P: ¿Hay muchos malentendidos sobre qué defiende exactamente su organización? ¿Se les acusa de acotar opciones en sistemas de alimentación muy rígidos, en los que uno solo debería comer lo que da su entorno más próximo?

R: Todo el tiempo. Nos llaman retrógrados, anti-progreso... Y lo cierto, déjeme insistir, es que apoyamos el intercambio de alimentos, la ciencia, la tecnología... Pero no de forma depredadora, no cargándonos ecosistemas hasta que ya no quede nada. La gente percibirá lo que considere o le interese percibir; nosostros preferimos centrarnos en la acción.

Apoyamos el intercambio de alimentos, la ciencia, la tecnología... Pero no de forma depredadora, no cargándonos ecosistemas

P: Por lo visto en la feria, esa acción también revaloriza nociones holísticas de la comida. Ha habido ceremonías reverenciales, miradas hacia los alimentos casi metafísicas.

R: La comida no es mera gasolina para el cuerpo. Es cultura, naturaleza, espiritualidad, política. En cada lugar adquiere diferentes significados, y estamos abiertos a todos, siempre y cuando estén alineados con nuestros valores.
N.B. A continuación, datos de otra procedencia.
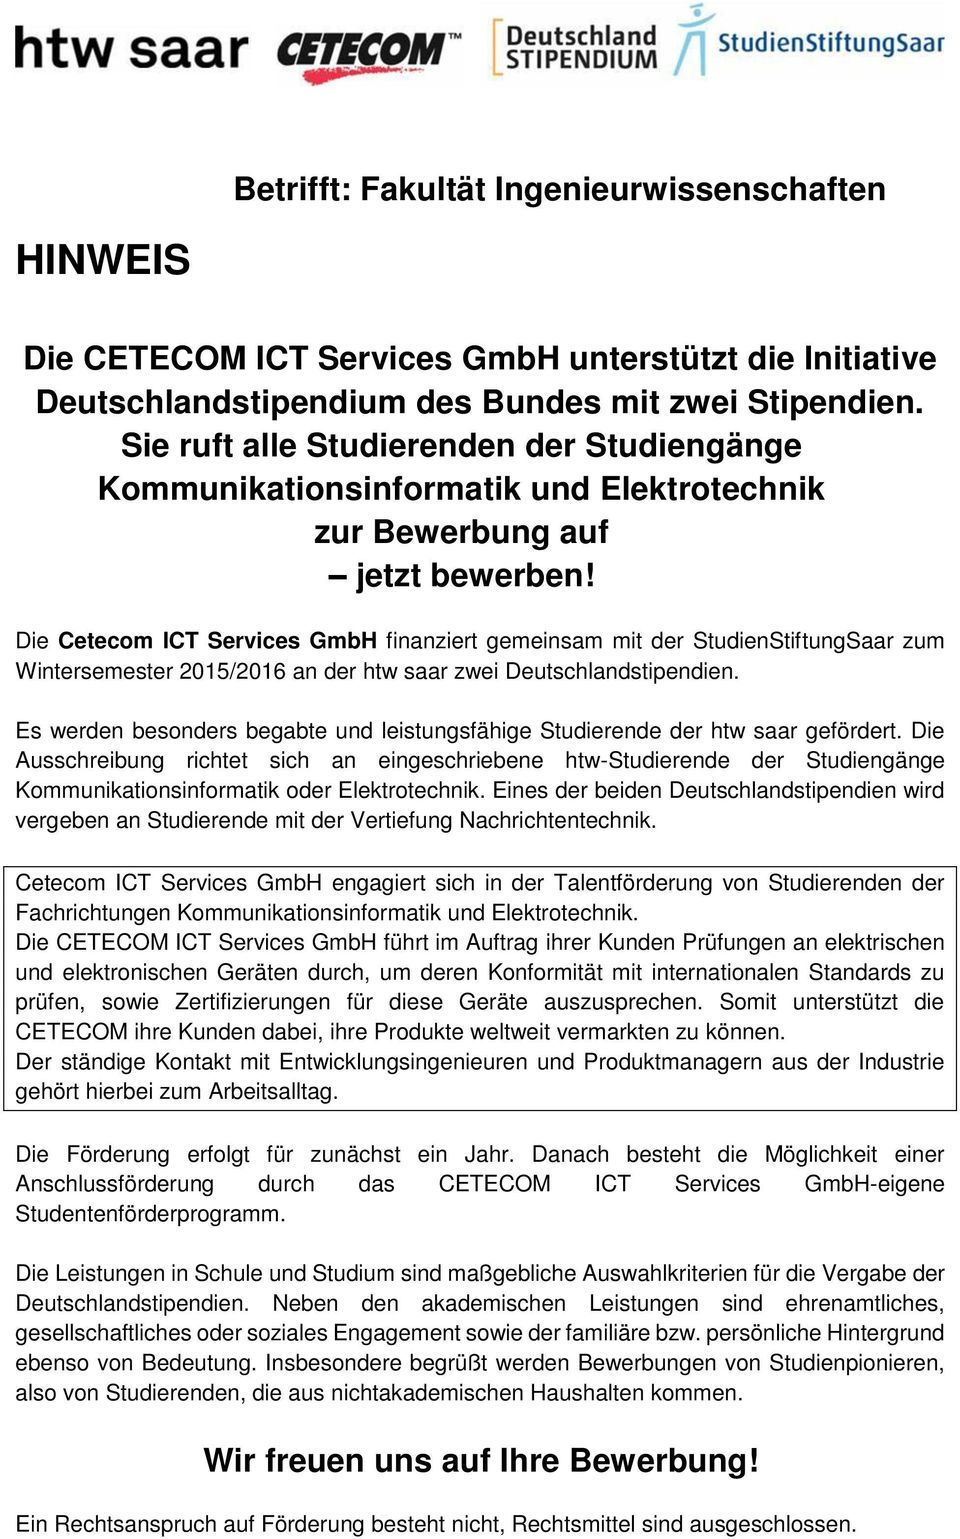 Die Cetecom ICT Services GmbH finanziert gemeinsam mit der StudienStiftungSaar zum Wintersemester 2015/2016 an der htw saar zwei Deutschlandstipendien.

P: También se ha hablado mucho, en estos días, de colonización alimentaria, con el foco en las poblaciones indígenas a las que el imperialismo negó sus formas tradicionales de comer. ¿Abunda hoy más un tipo de colonización, digamos opcional, en la que el individuo elige, al menos hasta cierto punto, ser colonizado en sus decisiones culinarias?

R: Muchas veces ambos fenómenos están unidos. En África o Latinoamérica se criminalizó durante décadas los modos de alimentación ancestrales. Se nos dijo que no comiéramos esto o lo otro, que nuestros rituales alrededor de la comida eran demoniacos. Fue una operación masiva de lavado de cerebro que ha traspasado generaciones. El mensaje era unívoco: lo de fuera es mejor que lo tuyo. Y permanece. Eso explica, por ejemplo, que en África, cuando alguien empieza a ganar dinero, también empieza habitualmente a comer comida rápida. Por suerte, este tipo de mentalidades se pueden deconstruir. En ello estamos.